Catherine Clark, currently associate director of Student Support Services, secured more than $1 million in funding as project director of the McNair Scholars Program and CSTEP (Collegiate Science and Technology Entry Program). The McNair Scholars Program is an undergraduate research  program preparing and supporting first-generation college students from low-income backgrounds or students from under-represented groups to pursue doctoral study in engineering and science. Named for USS Challenger Space Shuttle crew member Ronald E. McNair, the program is sponsored by the U.S. Department of Education TRIO programs.

The purpose of CSTEP is to increase the number of college graduates who are from ethnic groups that have been traditionally underrepresented in technical-related fields, or who are from economically disadvantaged families. CSTEP provides academic support, research and enrichment experiences that help prepare college students for careers in scientific, technical and health-related fields, or in any field leading to professional licensure. CSTEP is sponsored by the New York State Education Department's Bureau of Professional Career Opportunity Programs.

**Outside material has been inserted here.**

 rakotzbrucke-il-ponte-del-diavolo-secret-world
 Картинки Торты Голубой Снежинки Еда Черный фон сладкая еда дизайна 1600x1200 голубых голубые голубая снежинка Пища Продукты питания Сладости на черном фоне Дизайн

During her tenure as HEOP director at Clarkson, Susan Owen brought in $1.3 million in funding for teaching from the N.Y. State Department of Education. HEOP provides equal access to higher education for "educationally and economically" disadvantaged students in New York State. The program helps students meet their financial needs and offers them extensive services, including mentoring and tutoring, that boost academic success. Eligible HEOP students receive full-need financial aid packages for up to 10 semesters while at Clarkson.

PHOTO CAPTION: Clarkson University recently honored four faculty and administrators whose cumulative external funding for research and teaching has reached or exceeded $1 million. (L-R) Interim Vice Provost of Research Goodarz Ahmadi and Clarkson President Tony Collins with the honorees Associate Director of Student Support Services Catherine Clark; Jean Newell Distinguished Professor of Electrical and Computer Engineering Pragasen Pillay; and Associate Professor of Civil and Environmental Engineering Stefan Grimberg. Missing from the photo: Former Higher Education Opportunity Program (HEOP) Director Susan Owen.